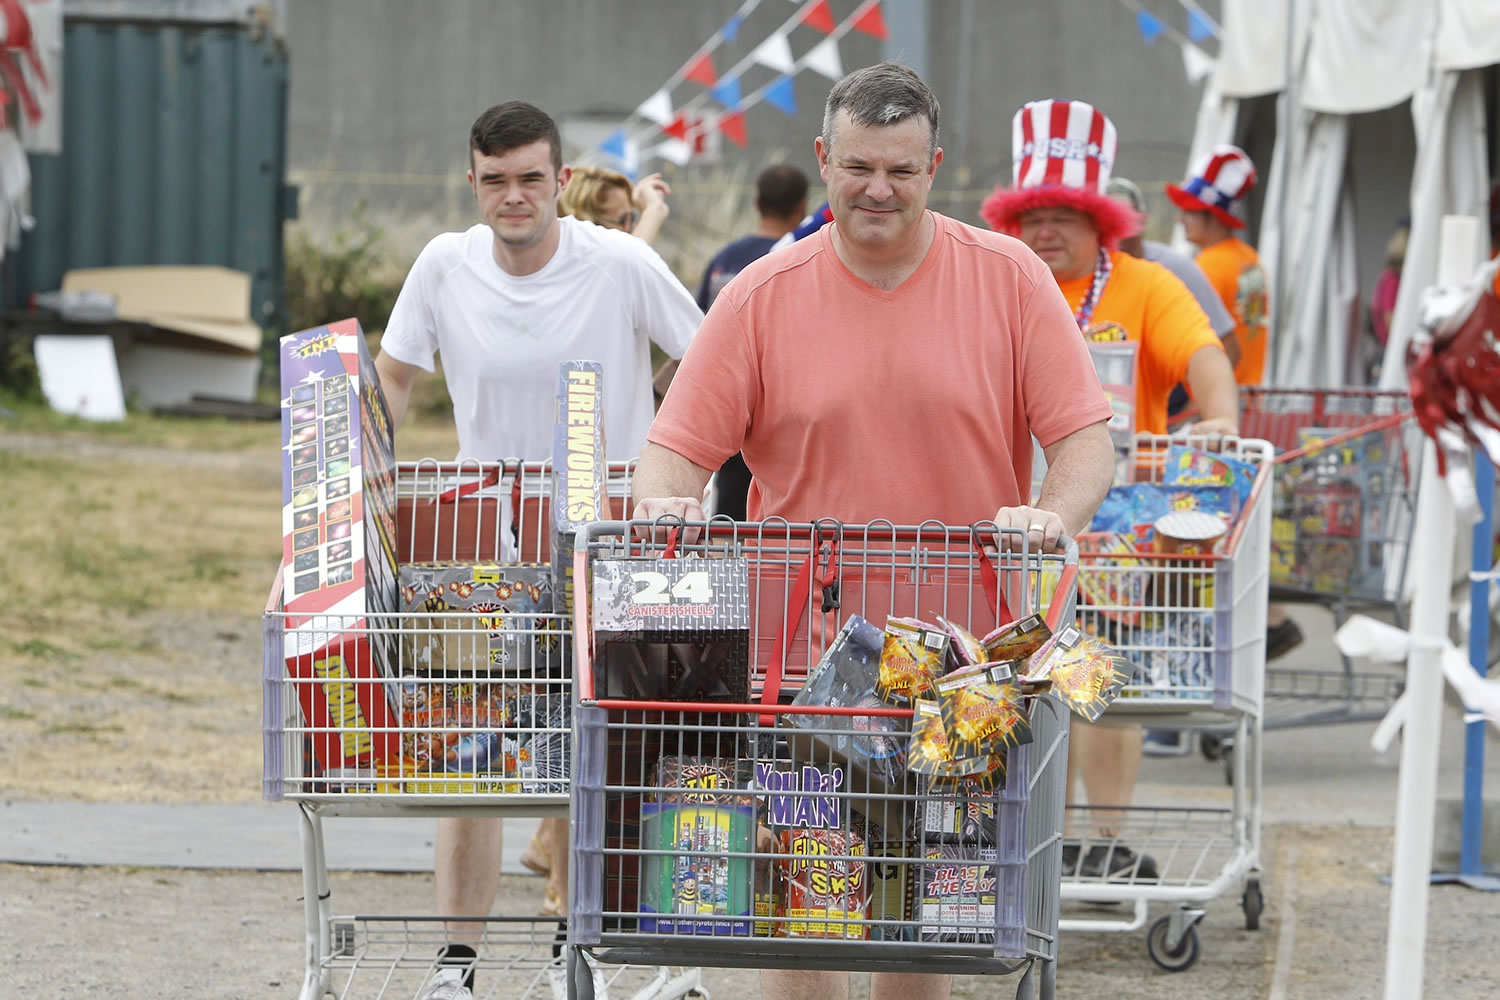 Eddie McGrath, from left, his father, Ed McGrath, and TNT Fireworks Warehouse's general manager, Beau Leach, push the McGraths' fireworks haul to their vehicle Sunday.
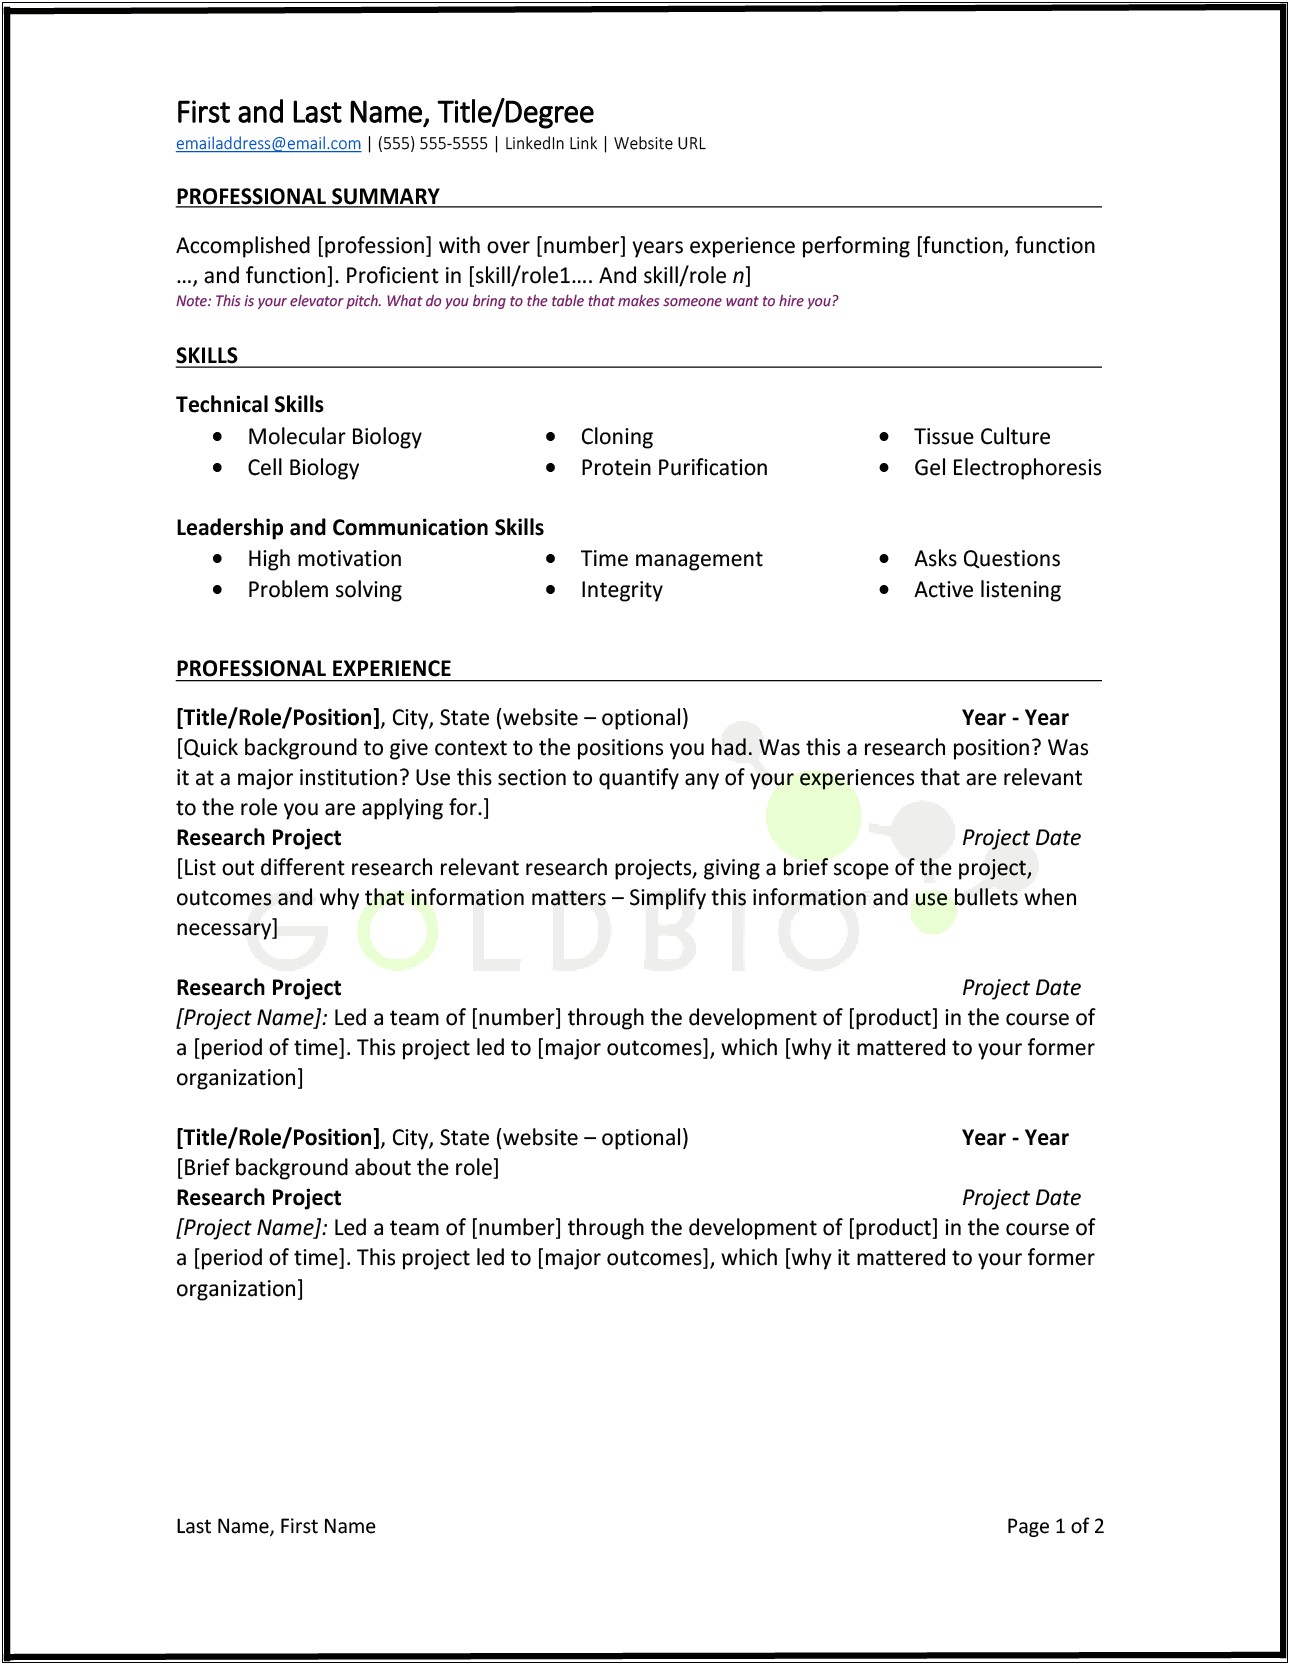 Listing Skills Without Work Experience Resume
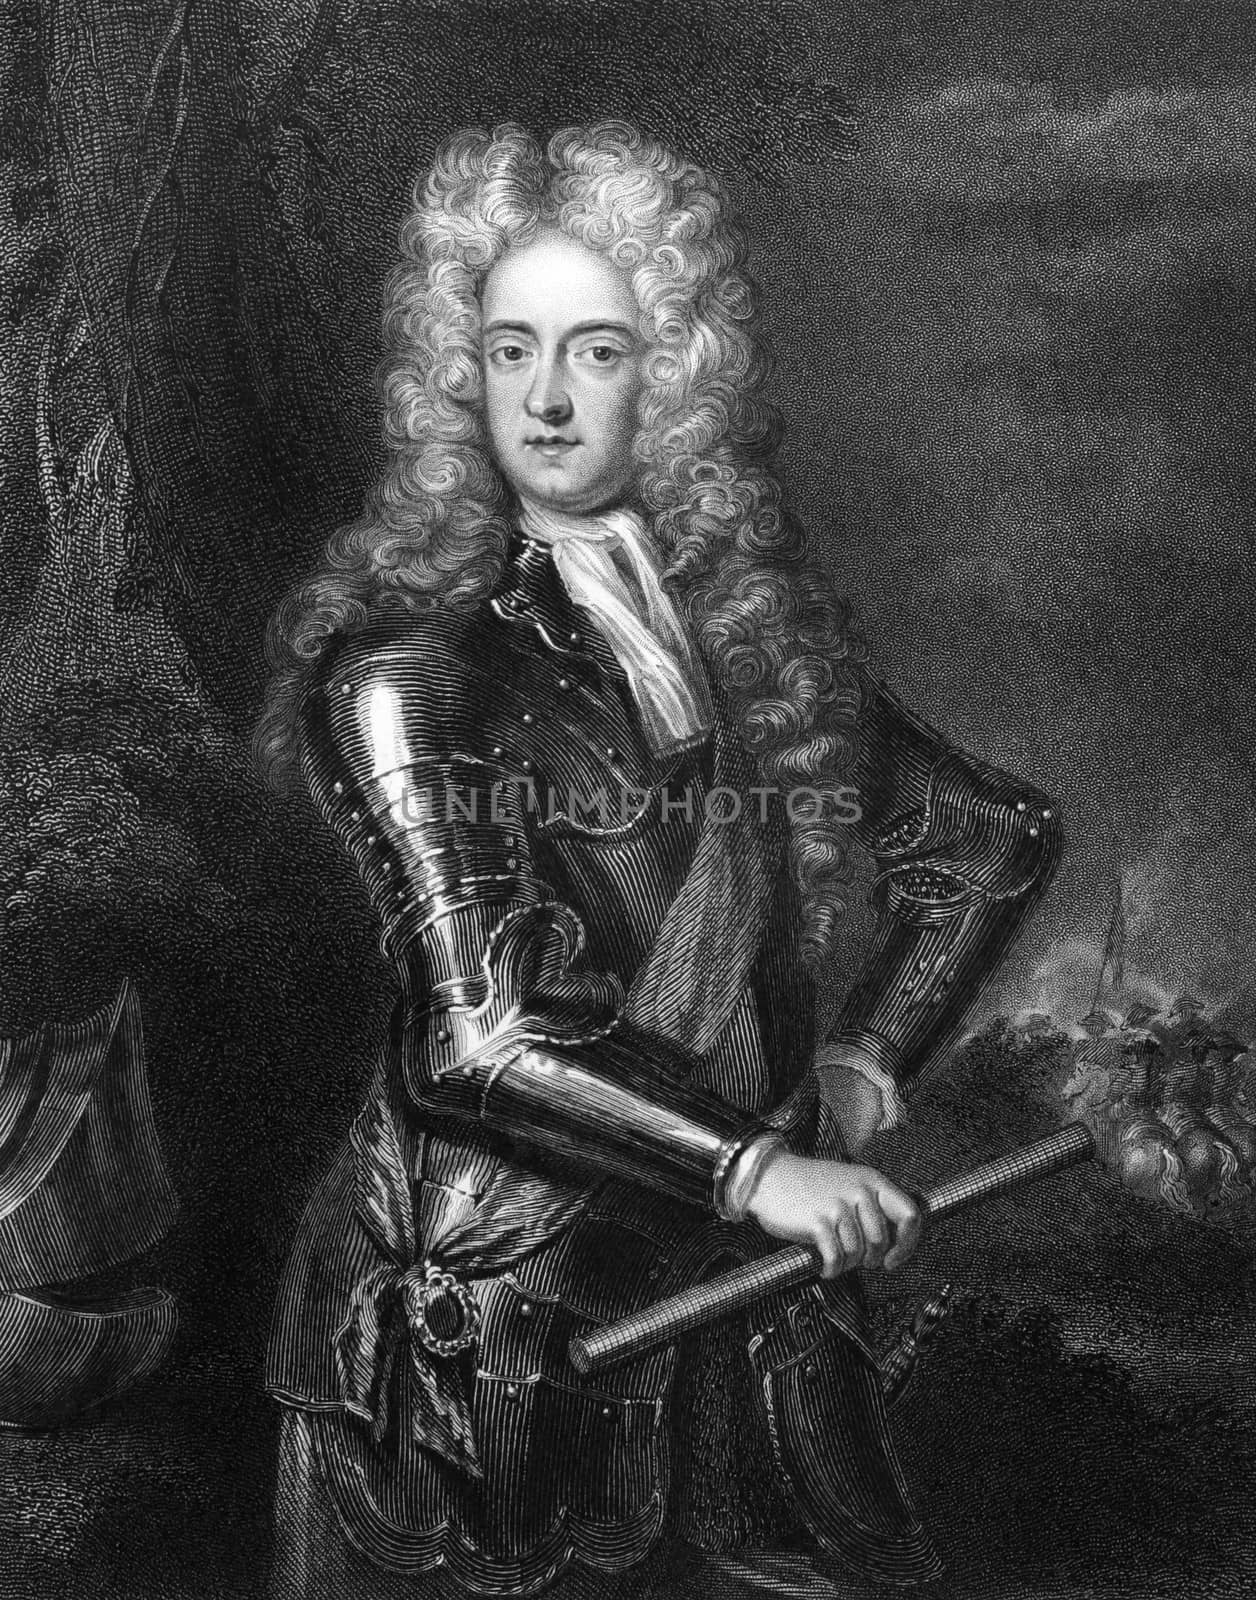 James Butler, 2nd Duke of Ormonde (1665-1745) on engraving from 1830. Irish statesman and soldier. Engraved by H.Robinson and published in ''Portraits of Illustrious Personages of Great Britain'',UK,1830.
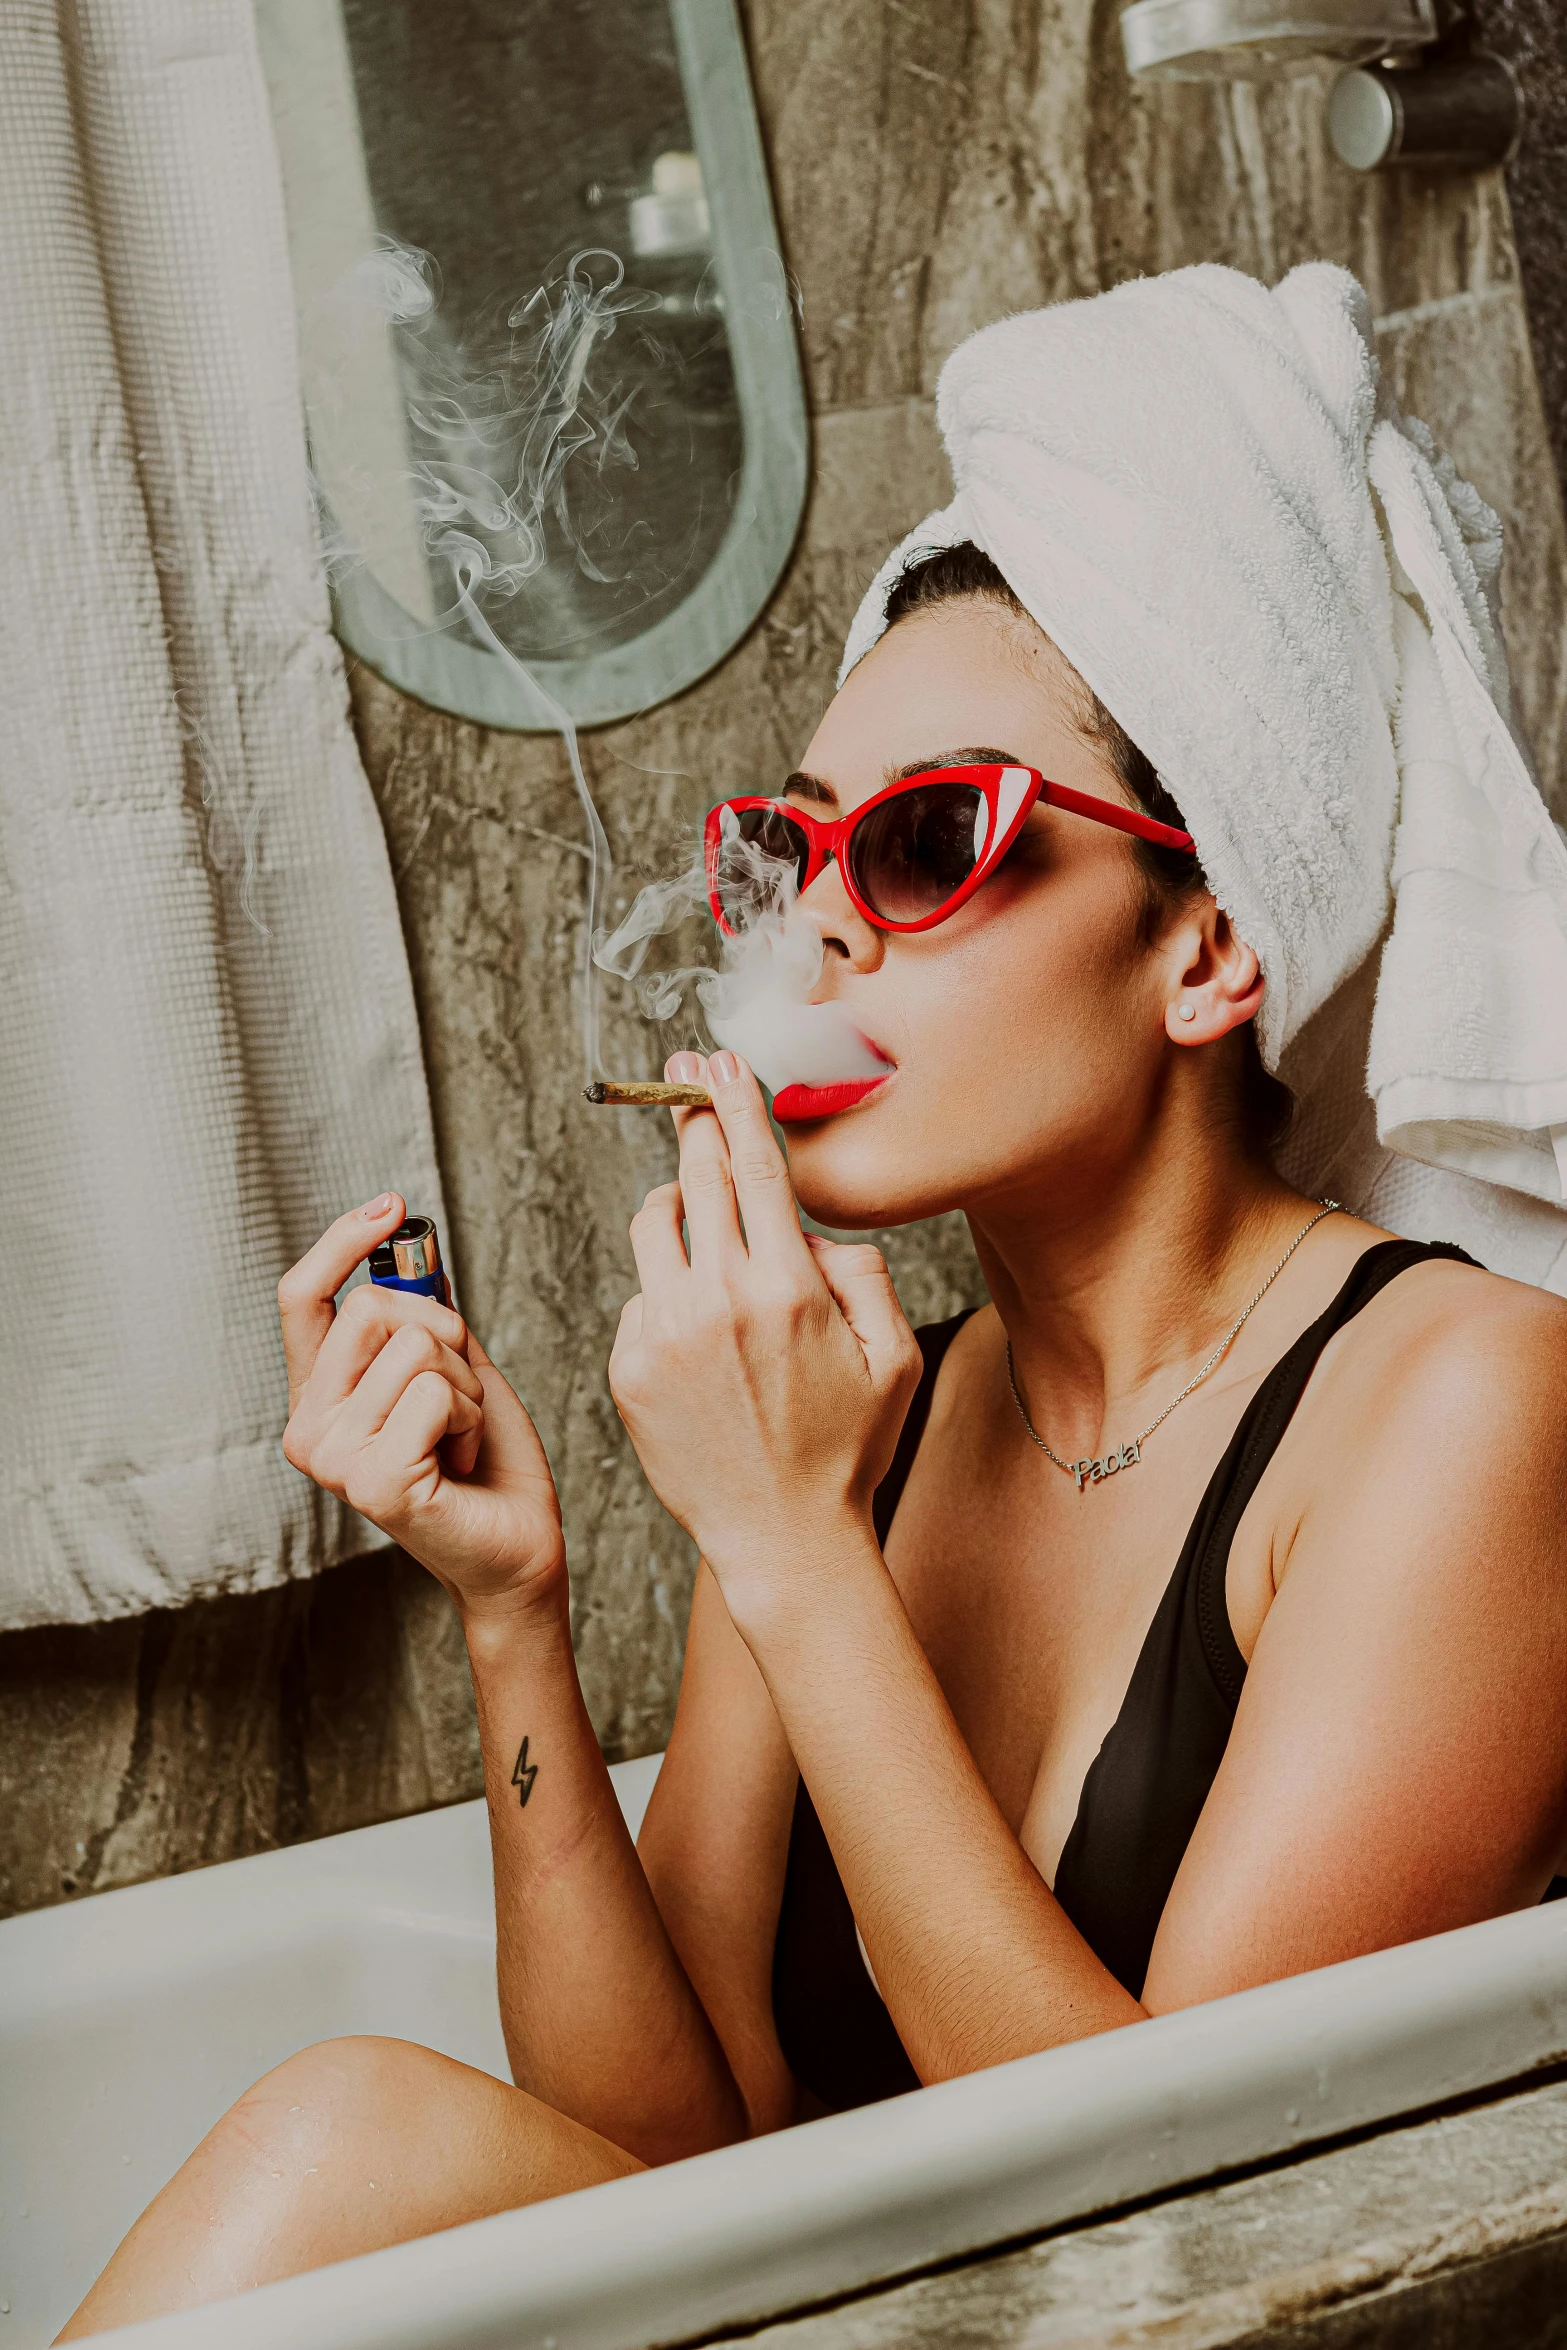 a woman wearing sunglasses while sitting in a bath tub smoking

****************

» Exercise directions: Pictures stay out. Write out everything else in the material exactly.

» Response to this exercise:
 Eddie McGrath, from left, his father, Ed McGrath, and TNT Fireworks Warehouse's general manager, Beau Leach, push the McGraths' fireworks haul to their vehicle Sunday.
 Listing Skills Without Work Experience Resume
 James Butler, 2nd Duke of Ormonde (1665-1745) on engraving from 1830. Irish statesman and soldier. Engraved by H.Robinson and published in ''Portraits of Illustrious Personages of Great Britain'',UK,1830.
 a woman wearing sunglasses while sitting in a bath tub smoking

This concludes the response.